Shot Noise Analysis

This notebook analyzes the shot noise from TFA and MRFA analyses as discussed in Kantnerova et al. (2024)

Author

Kantnerova et al. (2024)

Published

October 2, 2025

Setup

Using R version 4.5.0 (2025-04-11) , tidyverse version 2.0.0, and isoorbi version 1.5.1.

# load packages
library(isoorbi) # for orbitrap function
library(dplyr) # for mutating data frames
library(forcats) # for recoding factors
library(ggplot2) # for data visualization
library(cowplot) # arrange multipanel plots

Trifluoroacetate (TFA)

Data from RAW (recommended)

# read files
raw_files <- 
  "data/shot_noise/tfa" |>
  orbi_find_raw() |>
  orbi_read_raw(include_spectra = c(1, 10, 100)) |>
  orbi_aggregate_raw() |>
  orbi_identify_isotopocules("data/shot_noise/tfa/isotopologs.tsv") |>
  orbi_filter_isotopocules()

✔ [109ms] orbi_read_raw() read TFA_1E4_AGC.raw from cache, included the spectra
from 3 scans

✔ [33ms] orbi_read_raw() read TFA_M0_1uscan_120kRes.raw from cache, included
the spectra from 3 scans

✔ [38ms] orbi_read_raw() read TFA_M0_1uscan_15kRes.raw from cache, included the
spectra from 3 scans

✔ [238ms] orbi_read_raw() finished reading 3 files

✔ [237ms] orbi_aggregate_raw() aggregated file_info (3), scans (17.51k), peaks
(91.64k), and spectra (2.08k) from 3 files using the standard aggregator

! [615ms] orbi_identify_isotopocules() identified 52.40k/91.64k peaks (57%)
representing 100% of the total ion current (TIC) as isotopocules M0, 13C, and
18O but encountered 2 warnings
  → ! isotopocule 18O matches multiple peaks in some same scans (5
  multi-matched peaks in total) - make sure to run orbi_flag_satellite_peaks()
  and orbi_plot_satellite_peak()
  → ! isotopocule 18O is missing from some scans (143 missing peaks in total) -
  make sure to evaluate coverage with e.g. orbi_plot_isotopocule_coverage()
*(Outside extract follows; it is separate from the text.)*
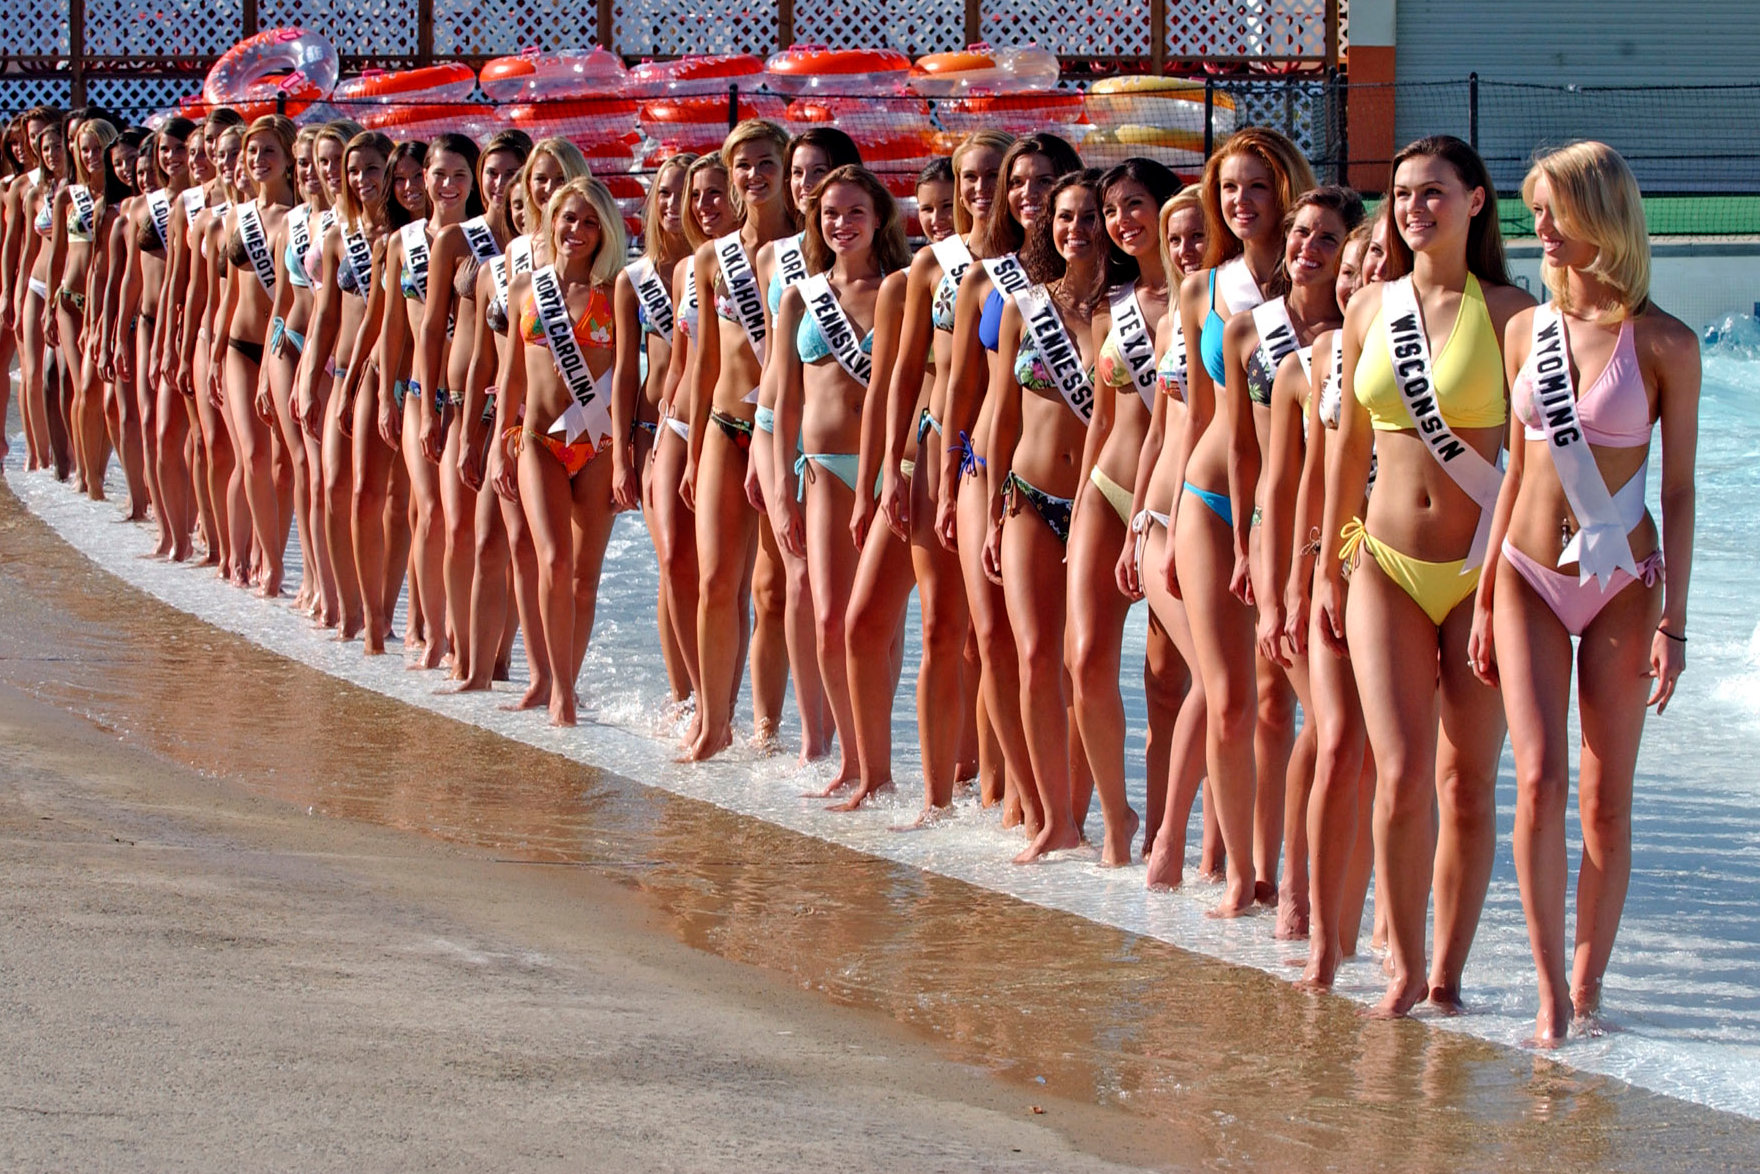 diane mcaleer recommends Teen Nude Beauty Pageants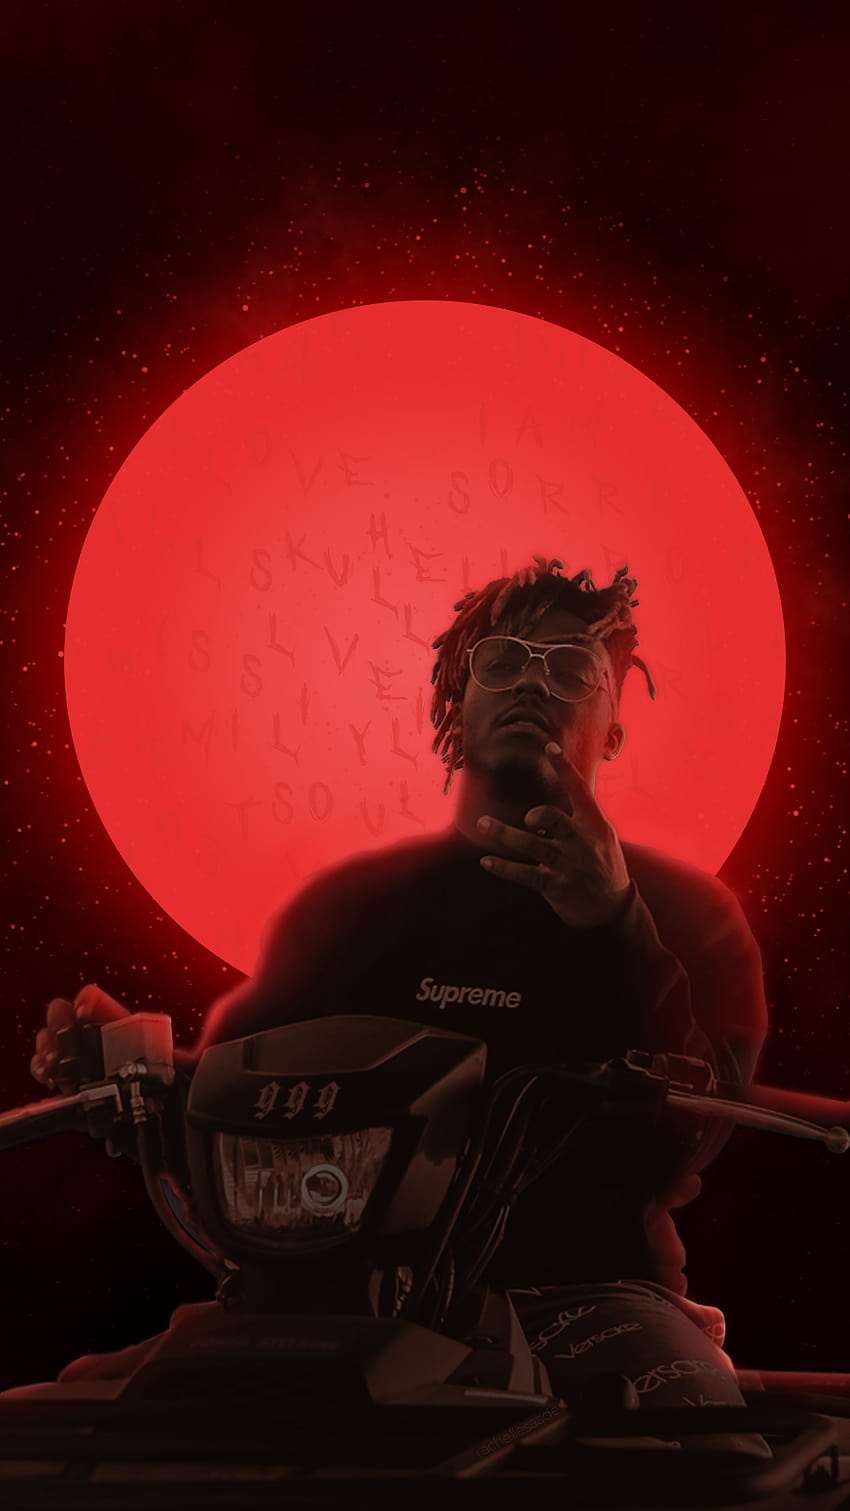 i made this juice wrld edit and thought I'd share it with you here ❤️ 999 forever, cool red moon HD phone wallpaper

✔ [7ms] orbi_filter_isotopocules() removed 39.38k / 91.79k peaks (43%) because
they were missing isotopocules (143), or unidentified peaks (39.24k). Remaining
isotopocules: M0, 13C, and 18O.

Bonus Figure: TFA Spectra

raw_files |> orbi_plot_spectra()

Data from ISOX (legacy)

# originally, this is how the data was read in
isox_files <-
  "data/shot_noise/tfa" |>
  orbi_find_isox() |>
  orbi_read_isox() |>
  orbi_simplify_isox()

Shot noise calculation

# pre-process data
data_tfa <- raw_files |>
  orbi_flag_satellite_peaks() |>
  orbi_flag_weak_isotopocules(min_percent = 10) |>
  orbi_flag_outliers(agc_fold_cutoff = 2) |>
  orbi_define_basepeak("M0")

✔ [382ms] orbi_flag_satellite_peaks() flagged 5/52.40k peaks in 1 isotopocule
(18O) as satellite peaks (0.0095%)

✔ [13ms] orbi_flag_weak_isotopocules() confirmed there are no weak
isotopocules: all are detected in at least 10% of scans in each of the 9 data
groups (based on uidx, compound, and isotopocule)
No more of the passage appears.